Do any of you find that it is harder to correct your form flaws or find them in yourself than students? 
I can take pictures an analyze other easily even though I am reluctant to offer advice but suggestions of what to try. Several shot above average but have anchoring problems or release issues. Others do not fit their equipment properly. All are reluctant to change anything or try anything.
I try to correct know flaws in my form but find it difficult without feedback.


----------



## aread (Dec 25, 2009)

Based on first hand experience, it's possible to coach yourself, but IMO, you will have a much longer learning curve and probably won't go as far as you would have with a good coach. Even a coach 3 or 4 times a year is better than trying to DIY.

There are so many things that you simply can't see in yourself, but are relatively easy for a coach to pick up. Even a video camera is no replacement for a coach. It's a great help with a coach, but not a substitute.

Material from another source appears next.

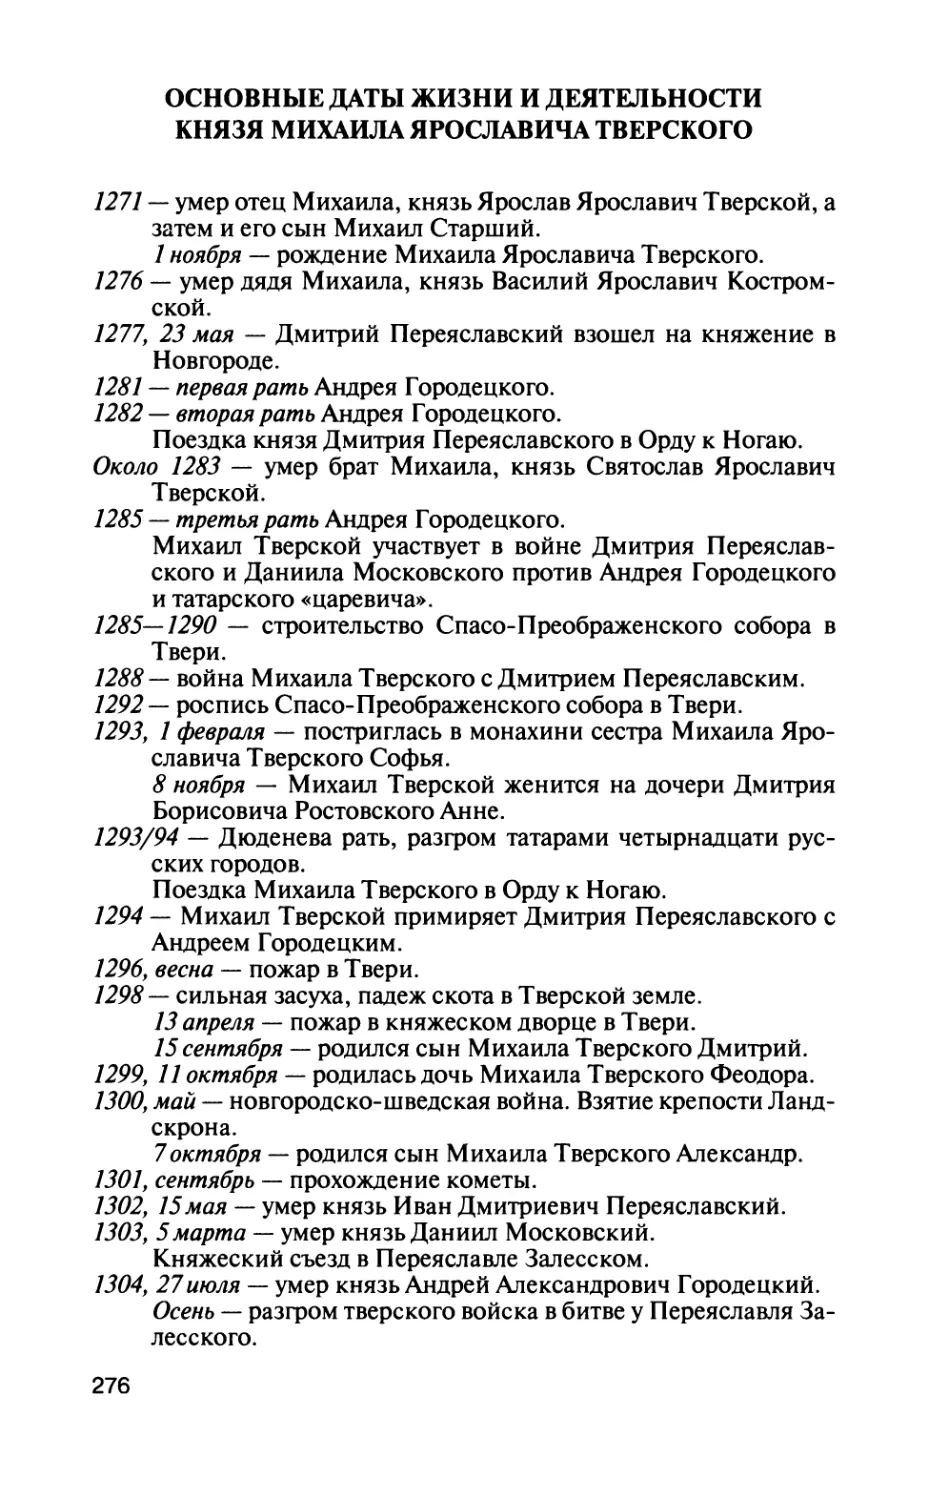 Основные даты жизни и деятельности князя Михаила Ярославича Тверского

I've tried to do it with seminars every couple of years, but after more than 10 years, I know I should be much further along for the effort I've put in. My favorite form of target shooting is indoor and I'm mediocre at best. Don't make my mistake, get a coach.

Allen


----------



## 5 Arrow (Nov 20, 2015)

Without a log book, attainable short and long term goals, accurate and honest communication and feedback, a lot of self study, good visualization and relaxation techniques coaching yourself is futile. Being coached without the good listening technique and the aforementioned is both futile and costly.


----------



## mark1968 (Feb 18, 2006)

Each human has his own potential. Being a good coach doesn't make you a good archer. And being a good archer doesn't make you a good coach. I know from my own expiriences in 41 years that I have much more potential in coaching then shotting the bow by myself. To have a "good eye" for details (how you metioned) is one basic skill you need a s a coach. 

Cheers from Germany

Markus


----------



## XForce Girl (Feb 14, 2008)

Lucky for me I have another L3 Coach on my payroll. He doesn't actively coach me but it sure is handy to have him around when I get stumped. He can watch me for a couple shots and tell me what I'm doing wrong then I go any try to fix it.


----------